We recommend reading through the user reviews on Herman Miller’s own site, as we always do, to get a flavor for how well they handle customer service with end consumers. Let’s be honest, all these major manufacturers that aren’t digitally-native are used to having their dealers perform the end customer service, so we weren’t too surprised to hear that getting good customer service was a challenge for a lot of customers.
We tested their live chat capability on the hermanmiller.com website on a Sunday, when many WFH customers have the time to do their online research and shopping. The 30-minute wait time for a live sales rep to respond to a simple product question was a bad omen. Once we did get a response the rep appeared to know practically nothing about the product. They couldn’t even send us a copy of the installation manual. This is not the kind of experience you would expect from a digitally-native standing desk manufacturer’s live chat interaction.
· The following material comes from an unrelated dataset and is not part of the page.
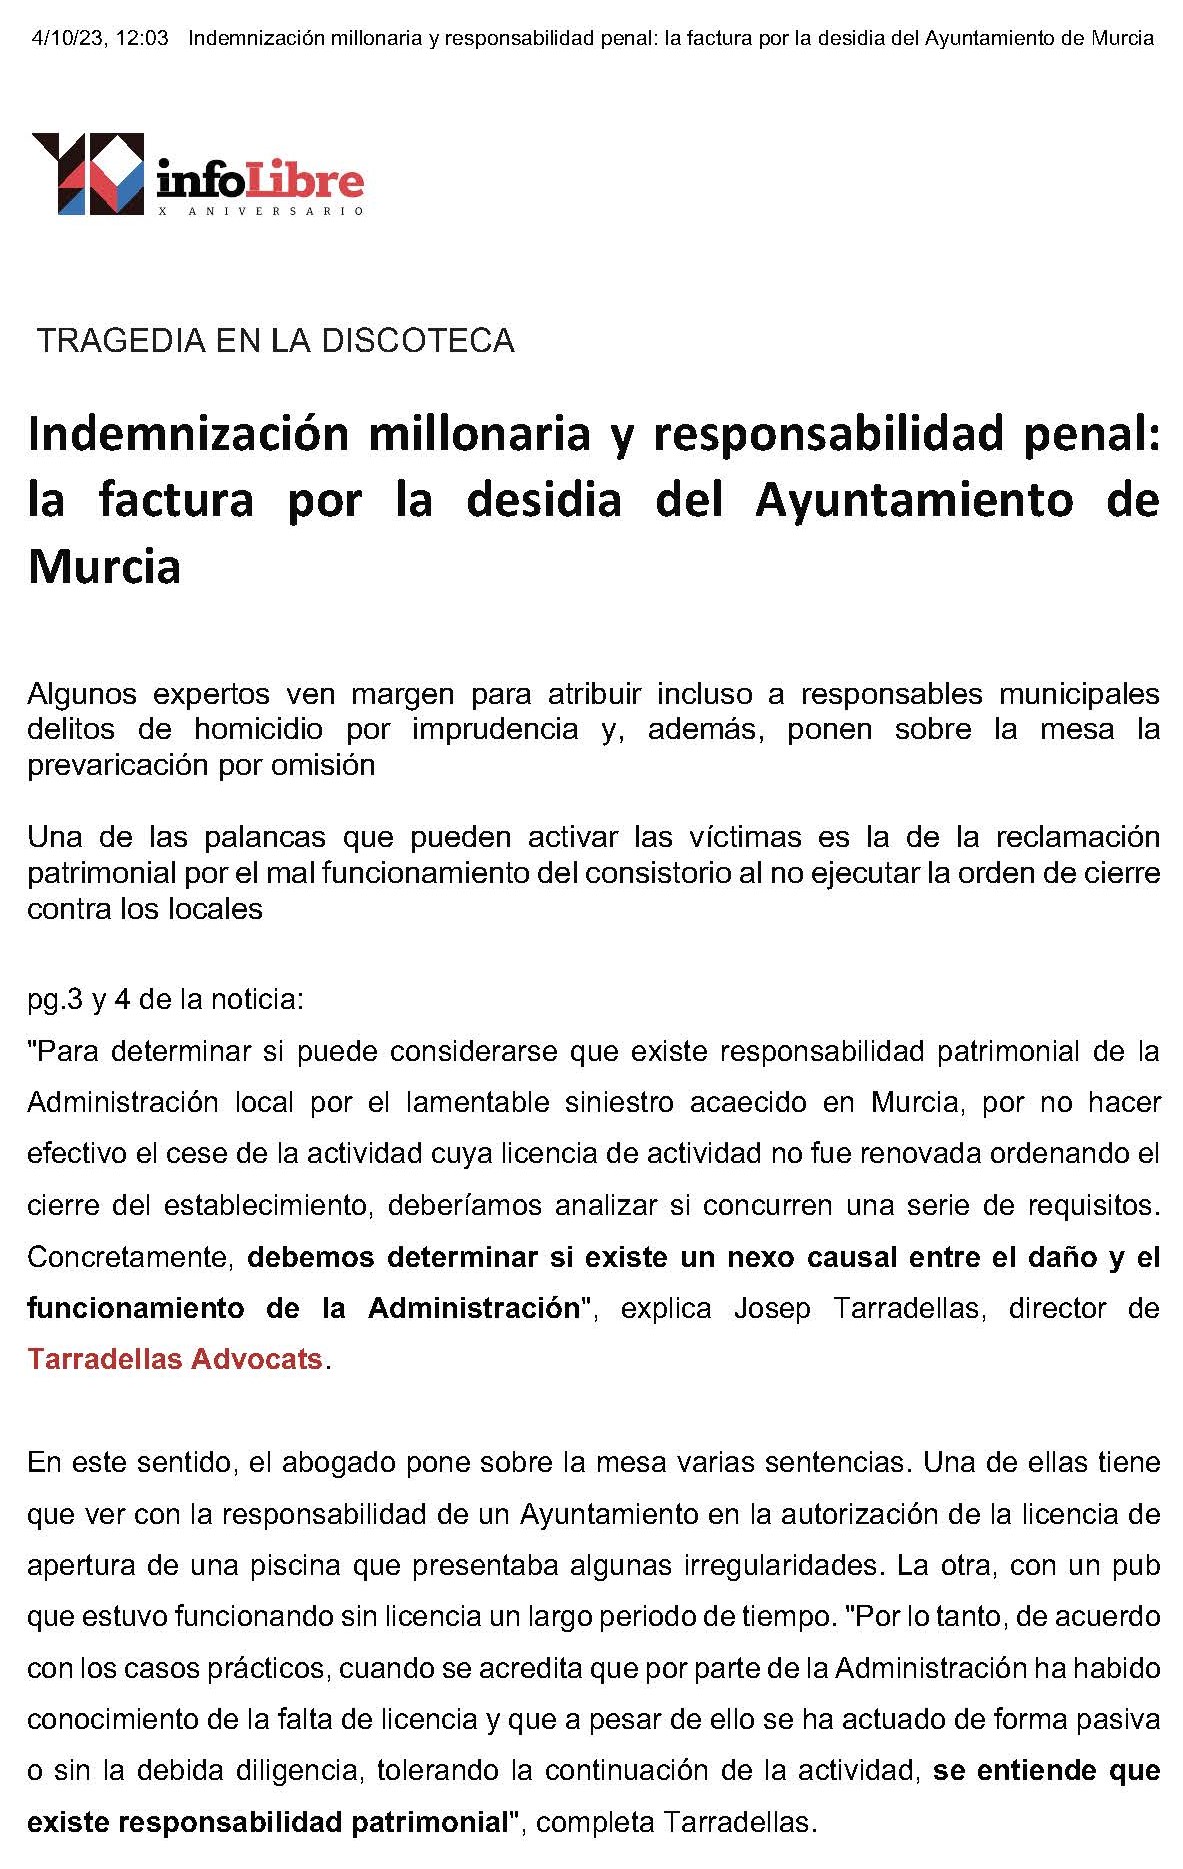 Tragedia en Murcia. El periódico digital infolibre nos consulta como expertos en responsabilidad parimonial.

It is the most common way that e-commerce customers communicate with sellers these days to ask questions… a few still call by phone, and some send an email, but most users interact over live chat. So this needs to be a core competency for Herman Miller and it clearly isn’t, at least not yet.
Considering the outlandish prices they are charging for the Nevi desk we find this aspect of the customer experience to be the biggest differentiation in what you can expect between a big corporate furniture brand like Herman Miller and one of the highly-proficient, digitally-native brands like iMovR, UpLift or Fully.
We were very surprised to see only a five-year warranty on the base when the competition of Chinese-made desks from Fully and UpLift are seven years, and American-made desks like iMovR’s are ten years. This again seems artificially set since commercial customers get 12 years of warranty on the whole desk. For consumers, the desktop warranty was left at 12 years, but with so many limitations you’re not ever likely to file a claim and incur the expense of return shipping. For more information on warranties, be sure to read our primer on How to Compare Warranties on Standing Desks.
E-commerce-Ready With a 5-week Ship Time?!
Herman Miller just doesn’t seem to get it. Despite their massive advertising campaigns targeting the WFH market, they just don’t seem to understand that consumers’ expectations are set by Amazon, not Steelcase. It seems inconceivable that any consumer will want to pay up this much for the Herman Miller brand and then wait five weeks just for the desk to leave the warehouse.
Color us perplexed, but not all too terribly surprised.
The Bottom Line
Severely overpriced, low-quality components, in extremely limited sizes and colors, month-and-a-half delivery timeframe, expensive in-home installation fees and substandard customer service are not a great combo when considering buying a standing desk that costs upwards of $1,000 to $1,300. You can get a far superior product and overall customer experience with one of the other top-rated standing desks we’ve reviewed, and especially if limiting your consideration to made-in-America standing desks that are sold online.
The pivot maneuver for this multi-billion-dollar office furniture behemoth to serving the work-from-home consumer via e-commerce has been poorly executed, as it has generally been for most of their peers. Fortunately for Herman Miller, their chair sales to home office customers have gone much better than desk sales, and it really saved their bacon with Wall Street.
Our advice? Stick with the digitally-native brands of standing desk sellers. You’ll get way more product for the money, an easier assembly task, more responsive pre-sale and post-sale customer service, not to mention a vastly greater choice in size, shape, color and desktop materials. Even an ultra-premium, American-made standing desk like the Lander Lite, with far greater quality, an immense selection in desktops, tech-forward features (like Bluetooth and built-in health coach, anti-collision, full ANSI/BIFMA certification and compliance), twice the warranty term, free shipping, excellent support and an 8-minute assembly time will set you back a whole lot less.